Он погладил ее по лицу.

— Может быть, ты и готова расстаться со мной, но я не настолько великодушен.

Мадлен нахмурилась.

— Вовсе я не великодушна. Я говорю о необходимости. Кровь без любви для меня — это меньше, чем хлеб и вода для обыкновенных людей.

— Сложная у тебя жизнь, — усмехнулся Фальке. — Как-нибудь мы поговорим об этом подробнее, а сейчас давай помолчим. — Он требовательно и уже без тени недавней нежности поцеловал ее, потом подхватил на руки и опустился вместе с ней на ковер — прямо там, где стоял.

— Учти, разговор будет долгим, — выдохнула Мадлен, погружаясь спиной в мягкий ворс и впадая в сладкое состояние полубезумного забытья, где уже пребывал изнывающий от вожделения Фальке.

Прошла вечность, прежде чем он очнулся от томной дремы, сковывавшей все его тело. Мадлен сидела рядом, обхватив колени и опустив на них подбородок.

— Ты здесь?

— Что? — прошептала она.

Он помолчал.

— За то, что со мной было сейчас, я должен благодарить твою сущность?

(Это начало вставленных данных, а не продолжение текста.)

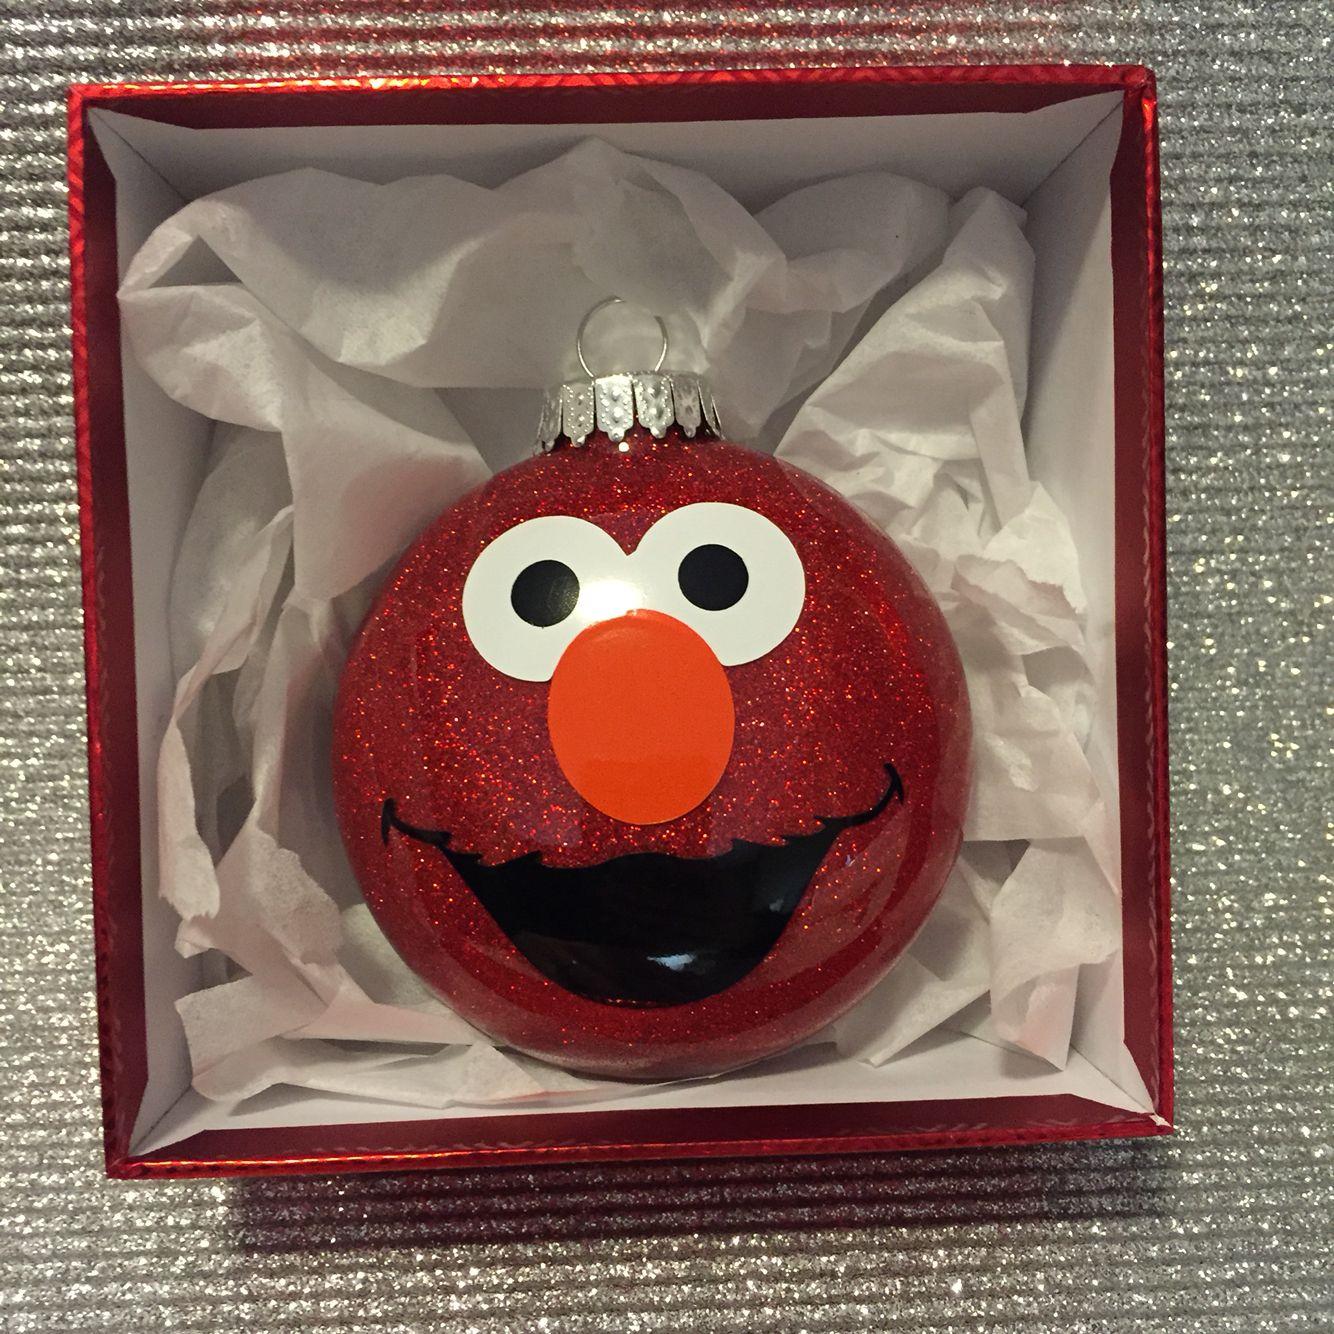 Elmo Ornament His Face Was Cutout Of Vinyl Using A Cricut

— Наполовину — да, — ответила она, нежно поглаживая его руку.

— В таком случае любой, кто ее презирает, — глупец, — сказал Фальке, поворачиваясь на другой бок. Он вдруг осознал, что лежит на кровати. — Как я сюда попал?

— Я тебя перенесла, — улыбнулась Мадлен и, поймав его недоверчивый взгляд, пояснила: — Ночью я с легкостью могу поднимать тяжести, вдвое превышающие твой вес. Она засмеялась. — Я и днем управилась бы с тобой, хотя, конечно, солнечный свет нас несколько… изнуряет.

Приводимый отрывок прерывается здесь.